[What this task involves]: Where an image appears in the data, omit it and reproduce the rest exactly.

[Data excerpt]:
BEGIN

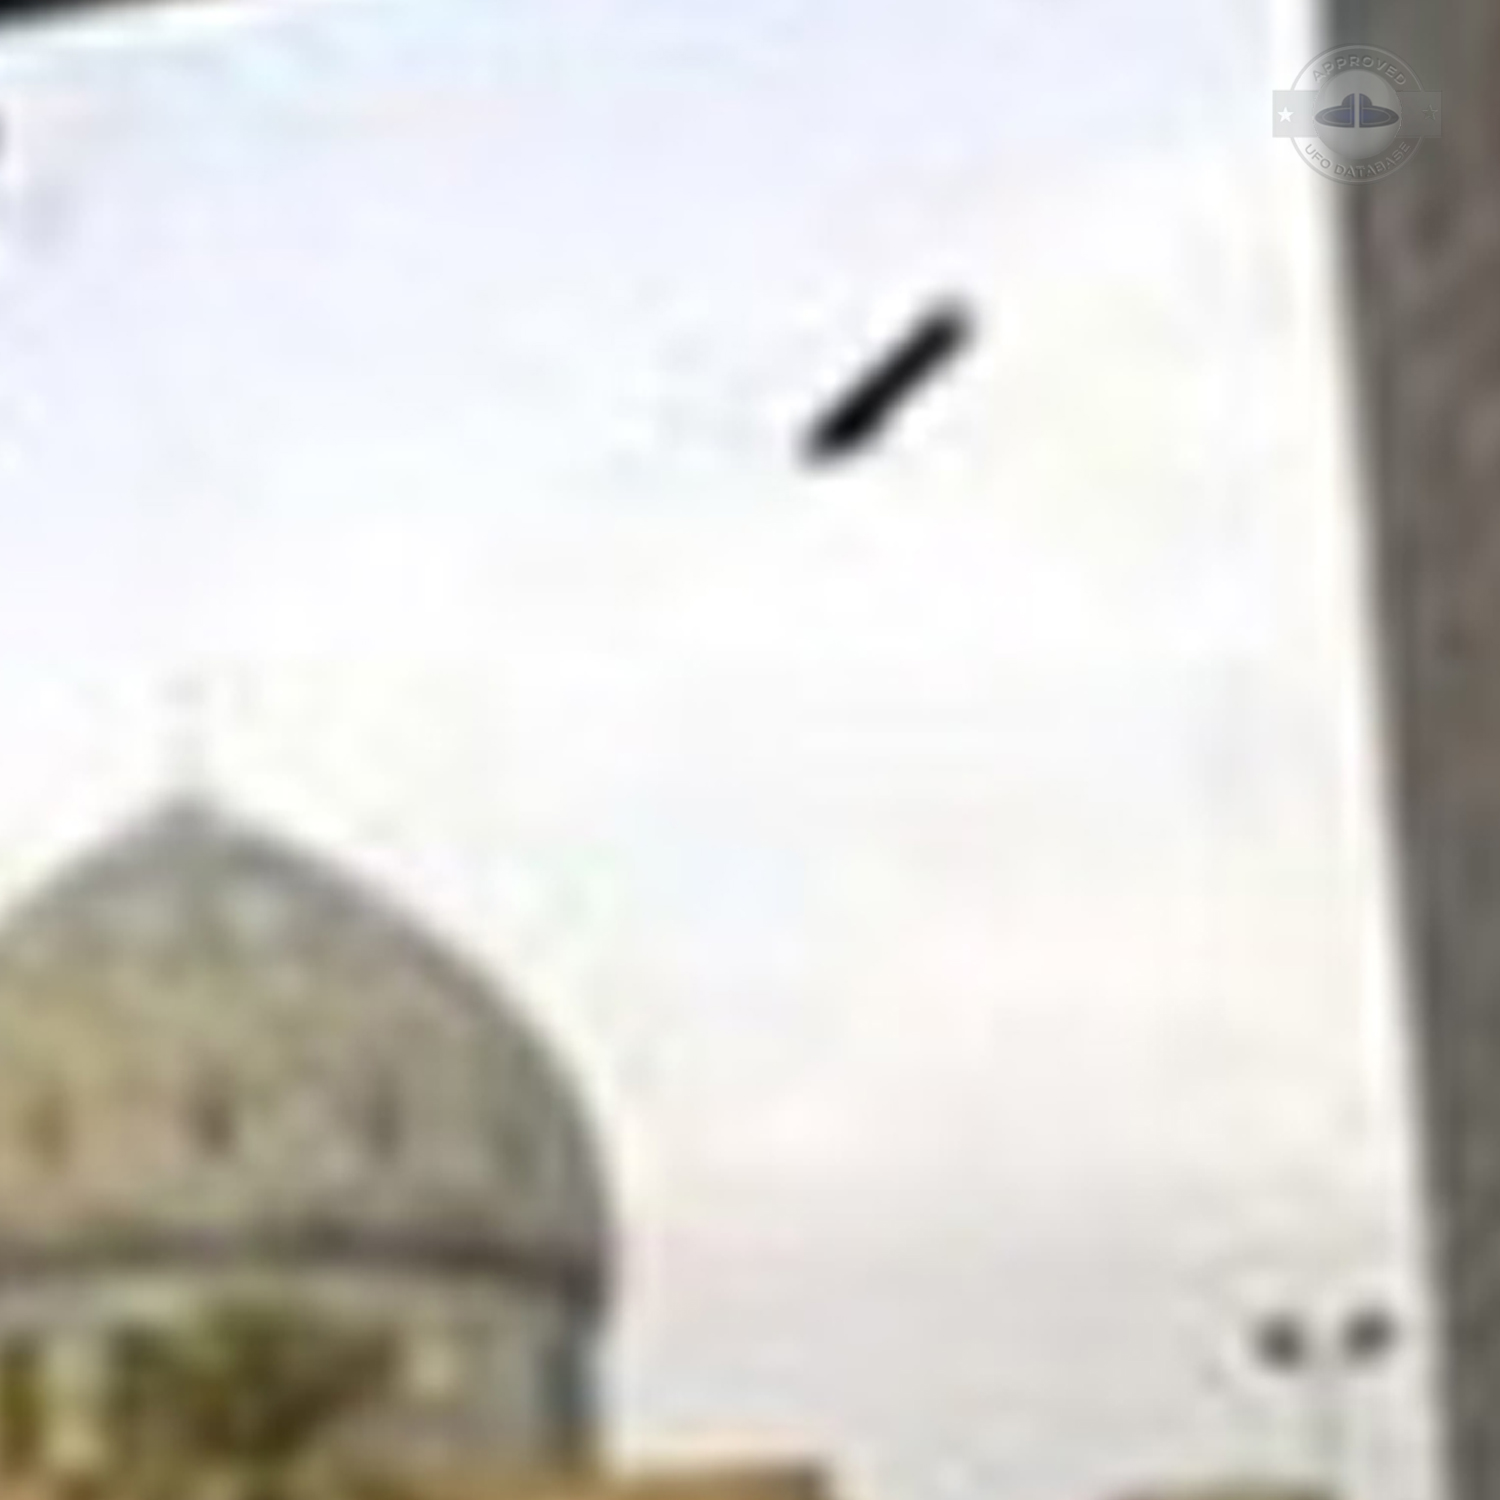 UFO Picture taken while Saddam Hussein statue is falling | Baghdad UFO Picture #183-4
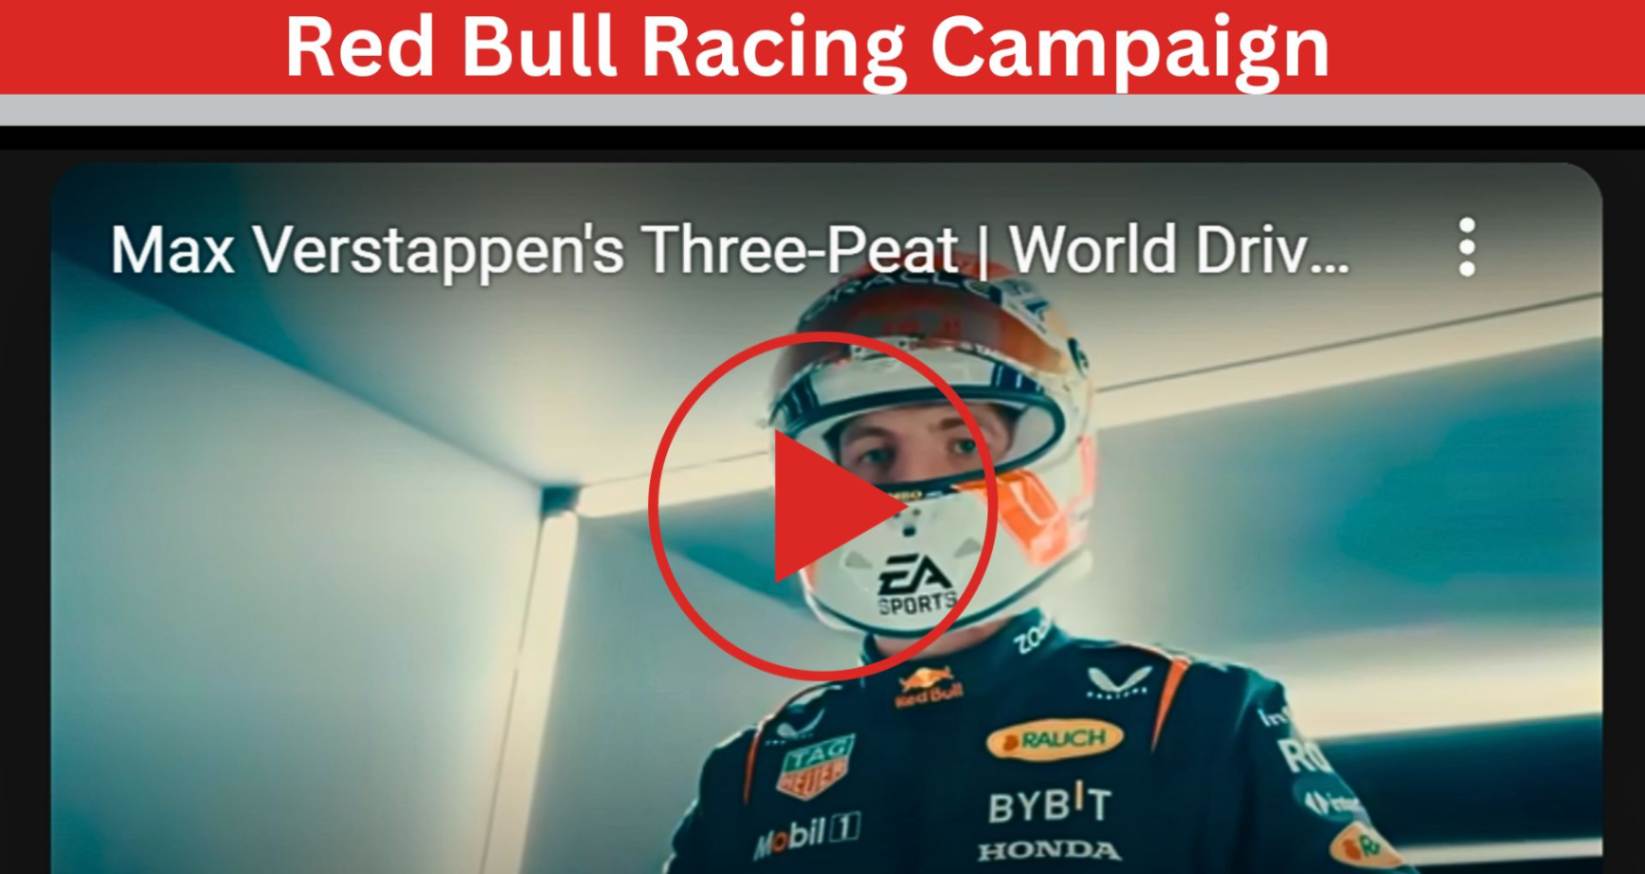 content marketing vs traditional marketing Red Bull Racing Campaign video
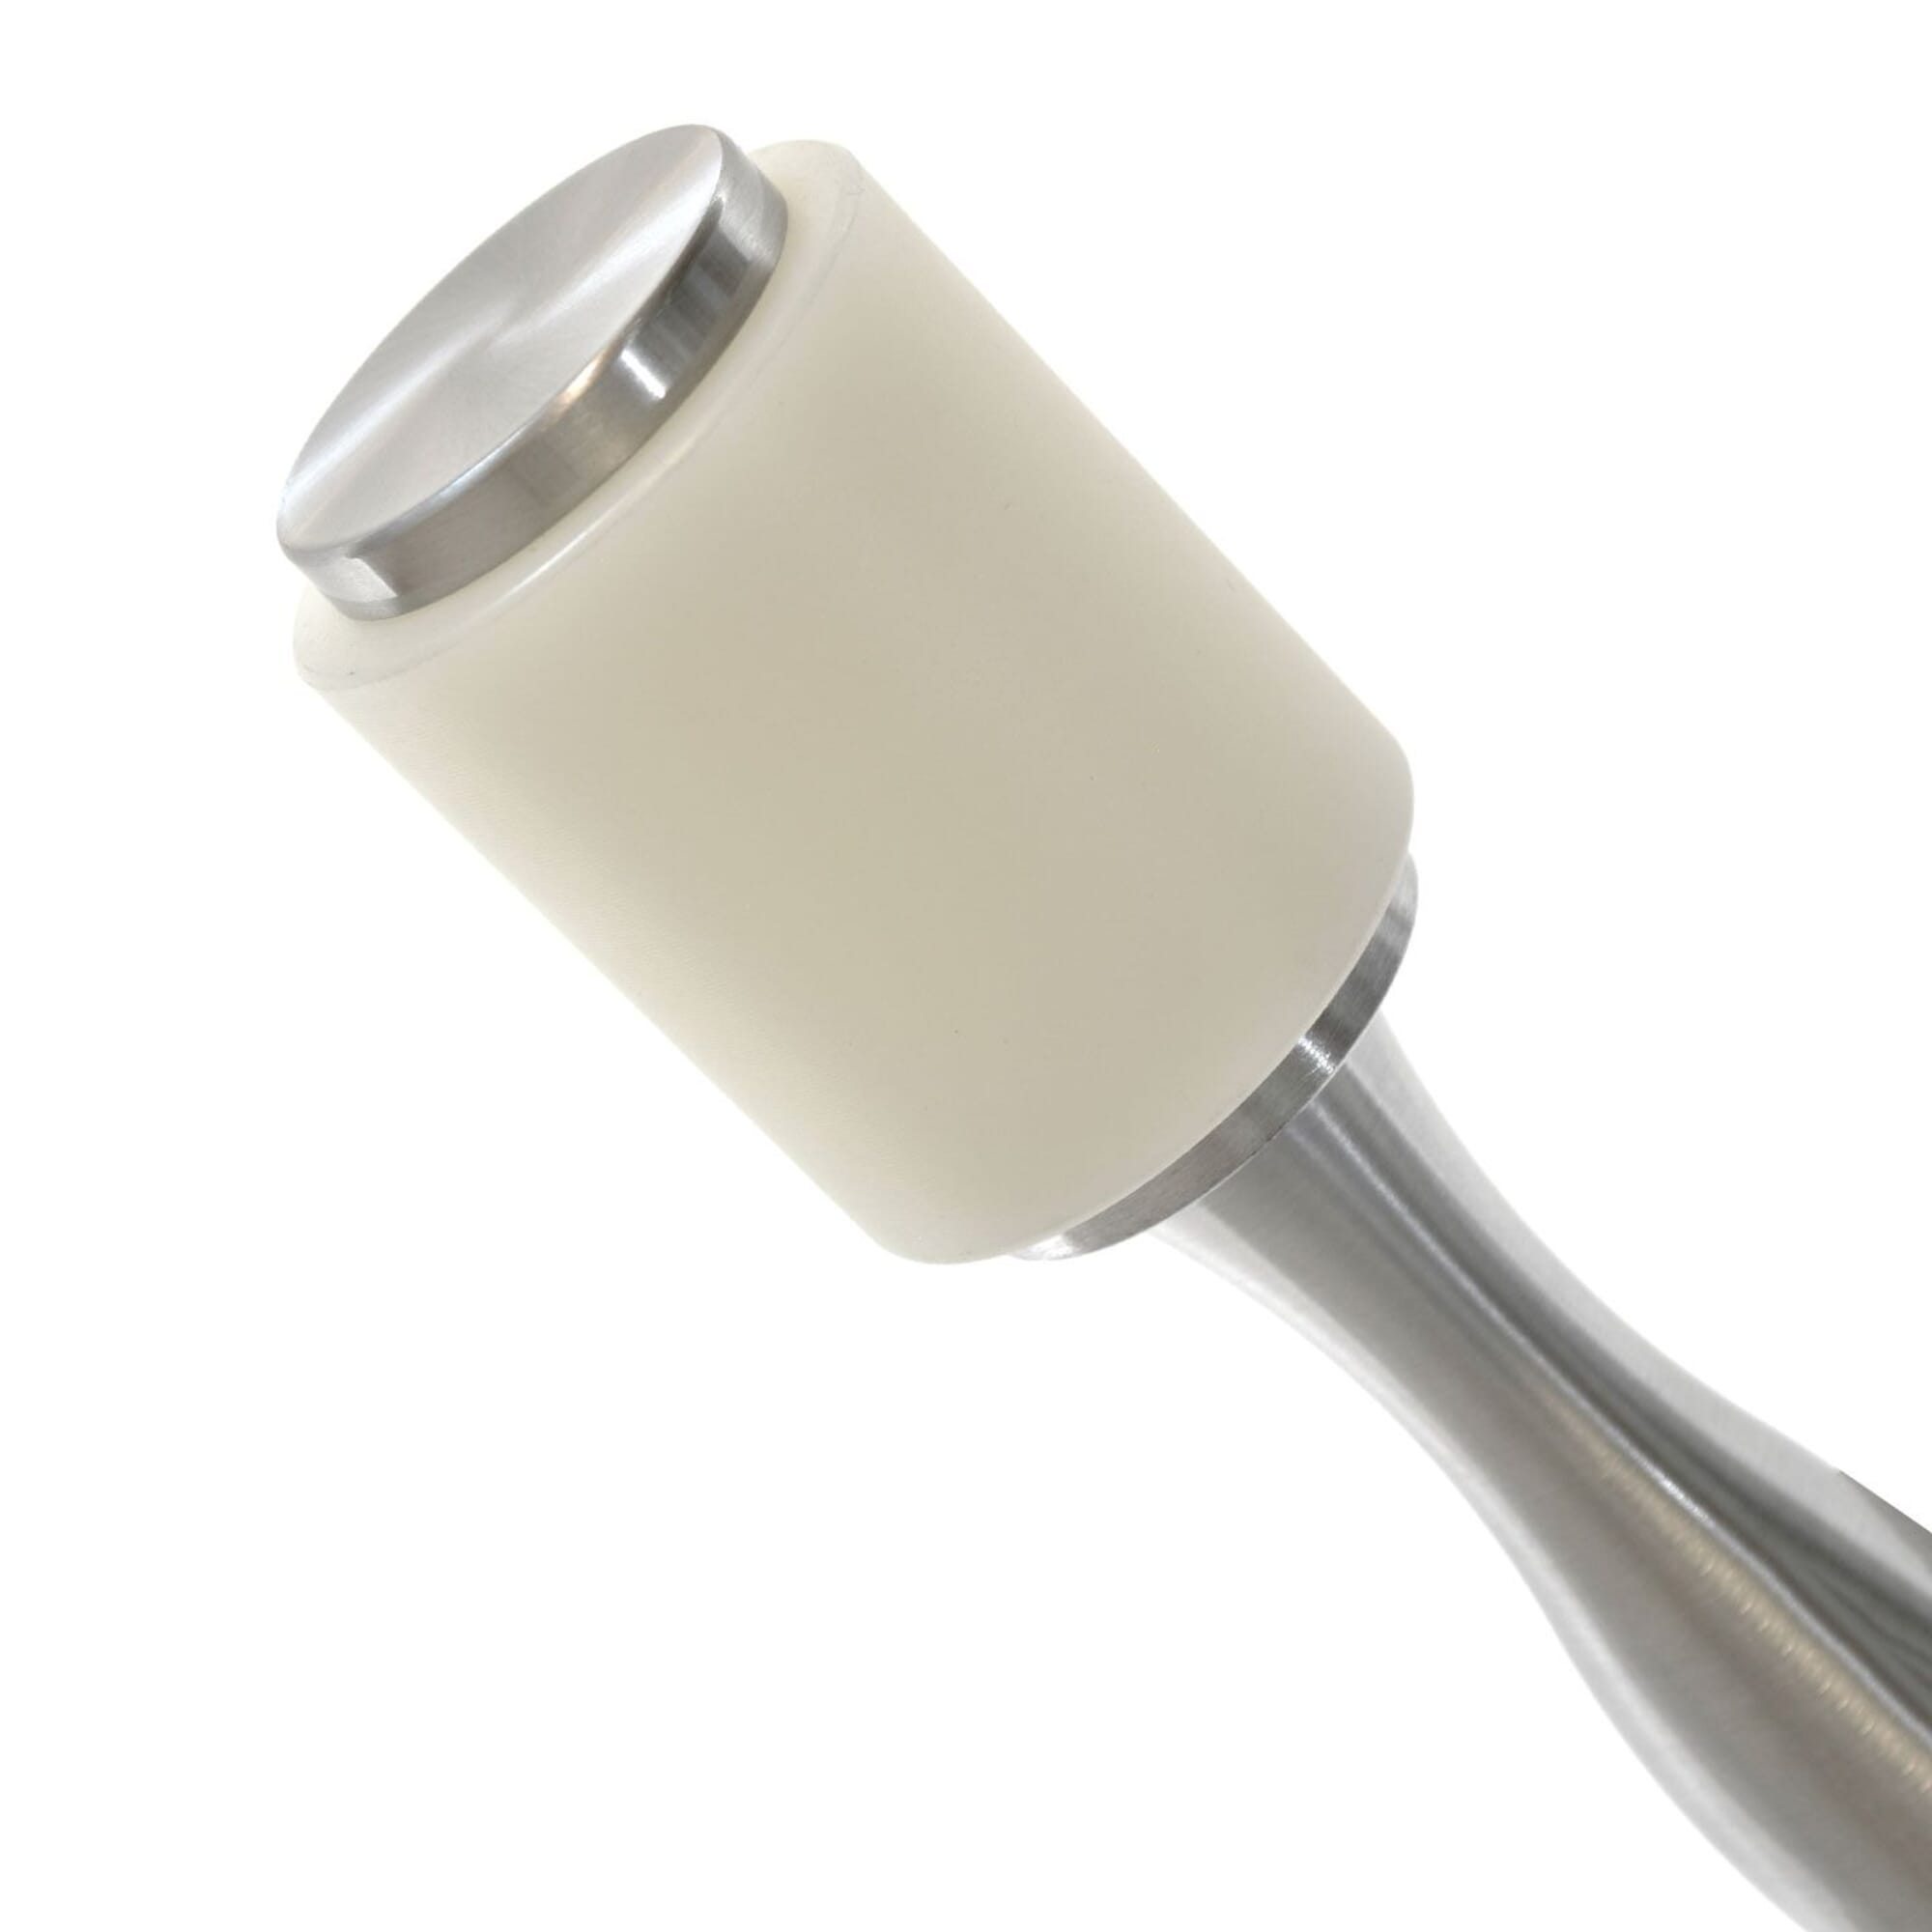 Leathercraft Mallet 50x190mm 313g Round Hammer Maul, with Aluminium Handle  and Nylon Head, for Leather Stamping and Carving

END

[Response for this exercise]:
 UFO Picture taken while Saddam Hussein statue is falling | Baghdad UFO Picture #183-4
 content marketing vs traditional marketing Red Bull Racing Campaign video
 Leathercraft Mallet 50x190mm 313g Round Hammer Maul, with Aluminium Handle  and Nylon Head, for Leather Stamping and Carving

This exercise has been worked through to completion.